Pub Date: Jan. 1st, 1995
ISBN: 0-312-11834-1
Publisher: St. Martin's

A Thai coming-of-age tale mildly spiced with magic realism. Formidable forces converge on 12-year-old Justin's awakening to adolescence. It is 1963, and Justin's best friend Virgil, a black boy from Georgia, introduces him to the richness of black American culture and the prejudice that dogs his family even in Asia. Justin's parents, nearly mythic for their long-term absence, perform top-secret work for the US government as it grows increasingly entangled in Vietnam. A trio of maiden aunts, ``the Three Fates,'' raise Justin on a family estate just outside of Bangkok loaded with intrigue: Two are involved in a fling with a priapic English doctor, and none of the relatives can wait to get their paws on the will of the clan's matriarch, who vows to dance the limbo rock, a reference to an American pop song of the time, before she'll give up the ghost.

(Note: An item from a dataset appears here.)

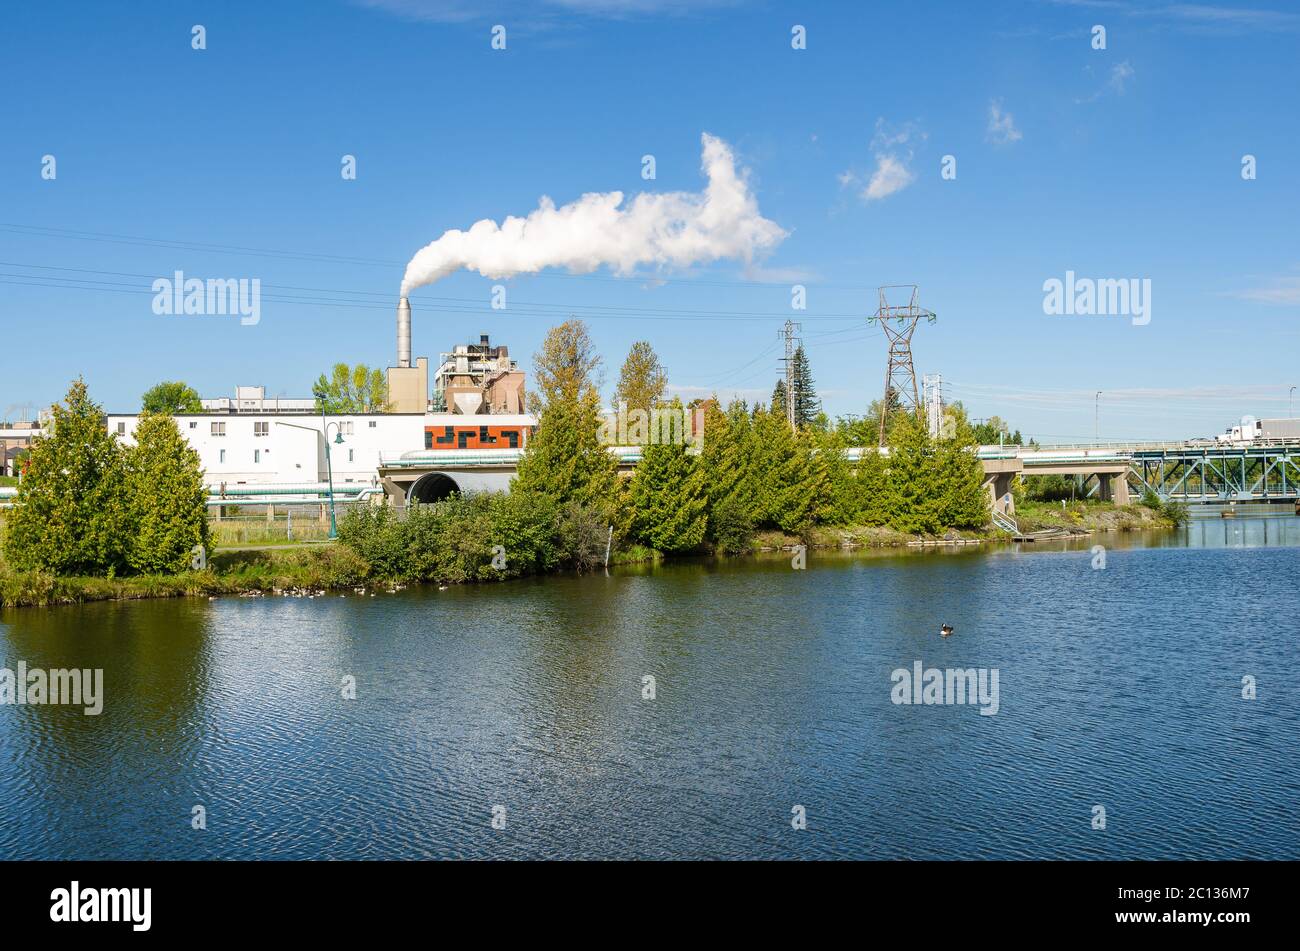 Manufacturing plant along a river on a clear early autumn day Stock Photo
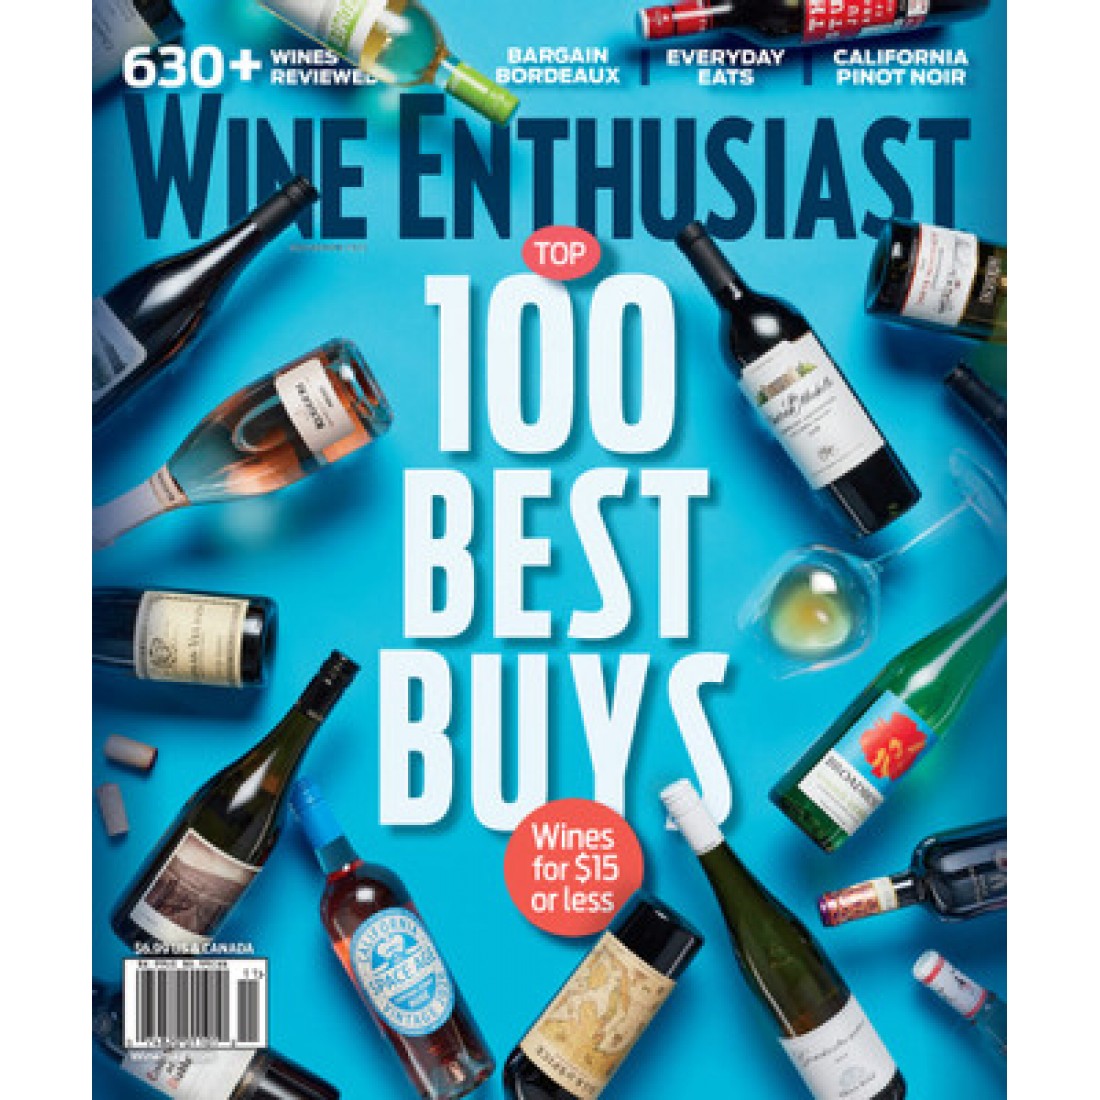 Subscribe or Renew Wine Enthusiast Magazine Subscription. Save 57

Somtow (The Wizard's Apprentice, 1993, etc.) creates a convincing voice for Justin to tell of his emergence among so many peculiar factors; and the novel's disparate elements—pathos and humor, reality and fantasy, the traditional Thai household and encroaching American culture—often coalesce to form a seamless whole. The novel climaxes in the staging of a play Justin writes, in which he fuses Greek and African myth and the American Civil War into a drama that serves as a strangely fitting emblem for the young man he is about to become. But some of the oddly shaped building blocks of Somtow's style don't fit together. Virgil speaks in an awkward dialect that doesn't sound much like African-American English, and some lines—``My parents are into cultural diversity or something''—are simply too anachronistic to be believable. Still, the novel succeeds as a poignant, piquant portrait of a boy and his world on the threshold of transformation.